Sodom, Rabbi Ingram and tolerance

Rabbi Chaim Ingram wrote this week on the portion in the Bible concerning Abraham and the people of Sodom and Gomorrah. He alludes to tolerance and intolerance and same-sex marriage. It's a very good read. Tell me what you think, won't you?

"Why is the famous passage of Abraham’s plea for the inhabitants of Sodom and Gemorra such a seminal statement of Jewish ideological outlook?

Abraham’s series of entreaties to G-D to spare the populations of five wicked cities including Sodom and Gemorrah if even 50 then 45, 40, 30, 20 or even 10 righteous inhabitants are to be found there(Gen. 23-32)  is often cited by thinkers of a leftist-libertarian persuasion as a seminal example of, as they put it, “the Jewish value of tolerance”.

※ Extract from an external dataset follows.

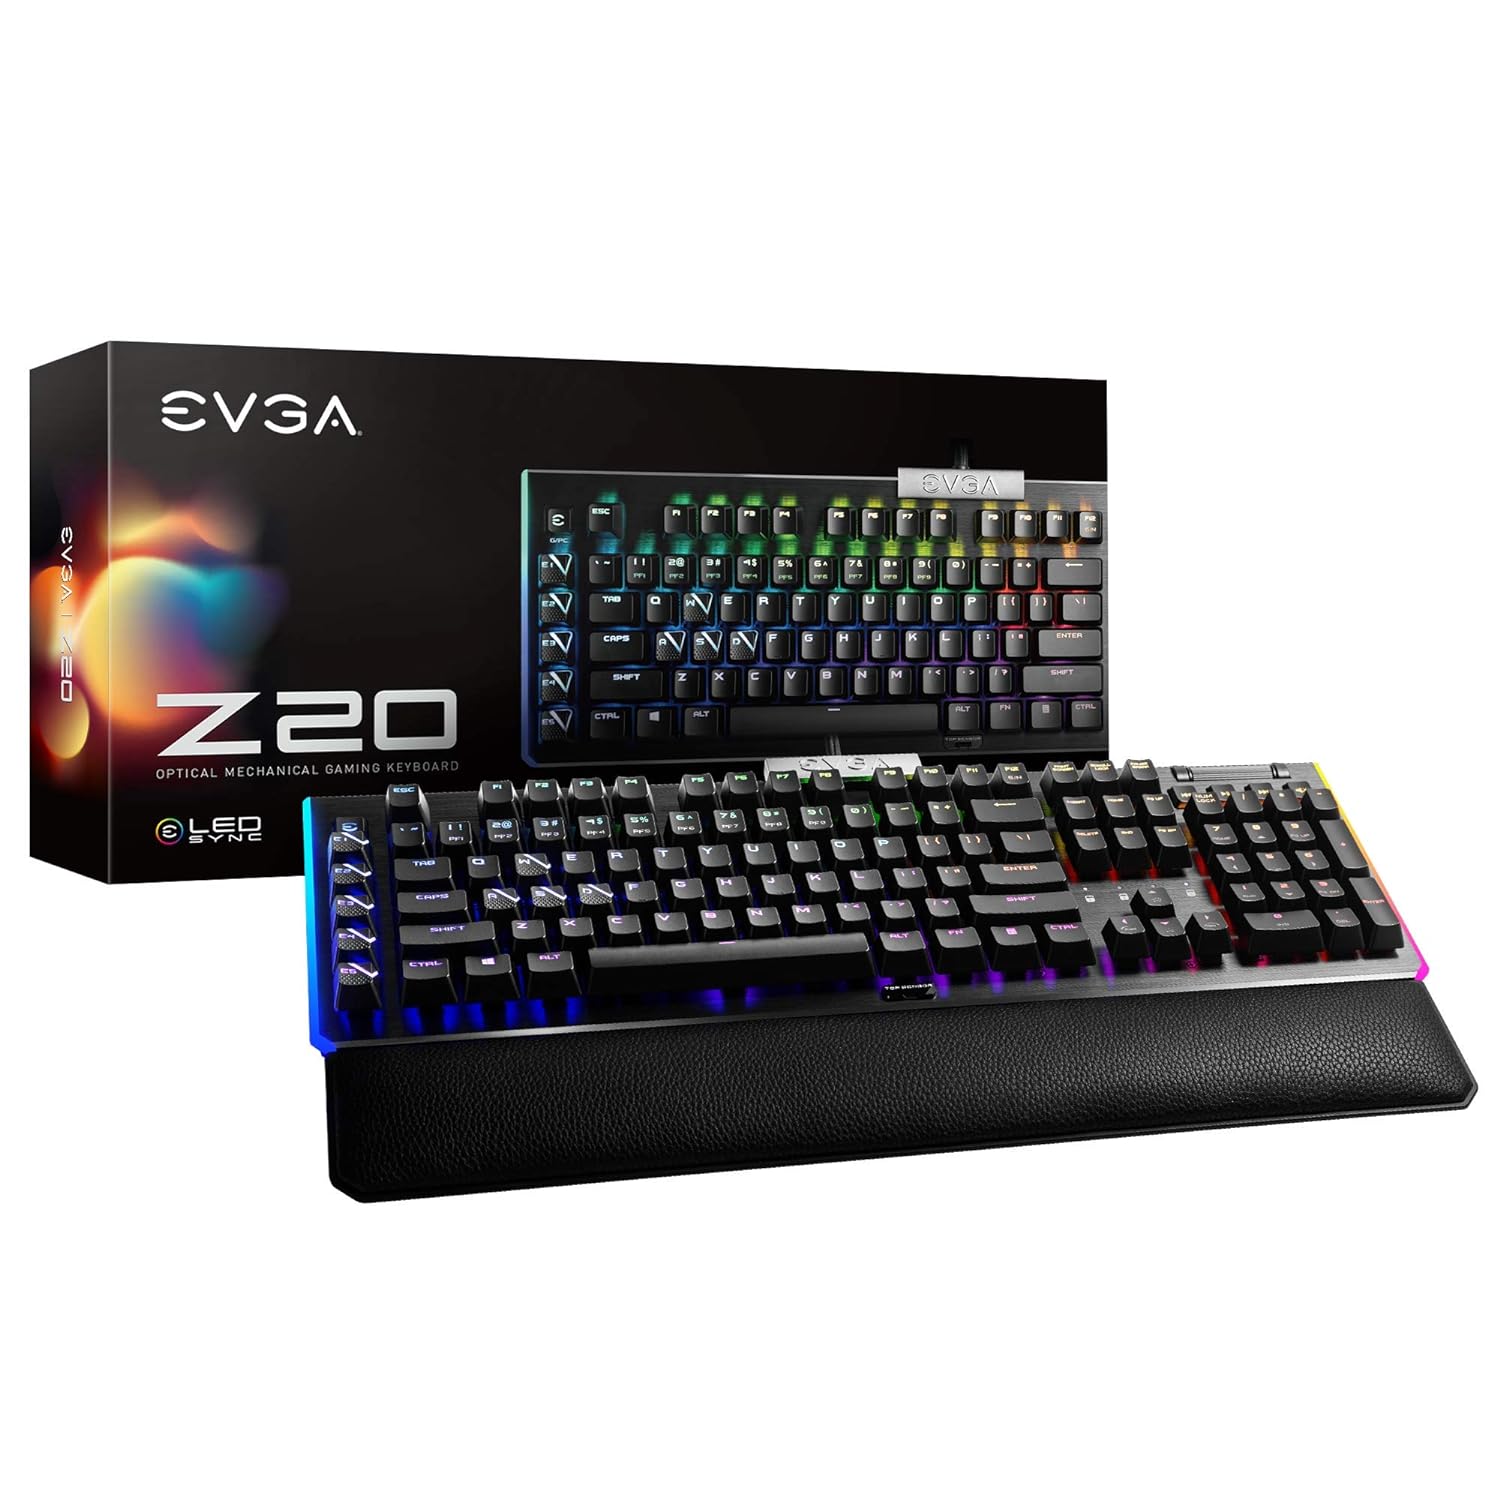 EVGA Z20 Rgb Optical Mechanical Gaming Keyboard, Optical Mechanical Switches (Linear), 811-W1-20Us-Kr, USB, Black

Actually nothing could be further from the truth.  What Abraham does not do – and what he would do were he “tolerant” in the leftist-libertarian sense – is to ask G-D  “Please tell me – what is the nature of their sin?  And anyway, ‘sin’ is such a judgmental word is it not? Why do You wish to destroy them? Is it because they are pursuing alternative lifestyles to mine? Perhaps G-D, You ought to embrace their diversity. Isn’t multiculturalism a wonderful thing?  After all, surely it is arrogant to suppose there is only one absolute truth in the world! Can You not see their actions as equally valid truths? After all, I am pursuing my mission and they are pursuing theirs as they see it.  Please can I go and investigate their culture and then I will call a meeting and propose a detailed resolution on what I believe is the best way to proceed.”

That would have been a “tolerant” response.  It would also have meant the end of Abraham’s unique moral influence and mission as av hamon goyim the father of a multitude of nations and the end of his special relationship with G-D.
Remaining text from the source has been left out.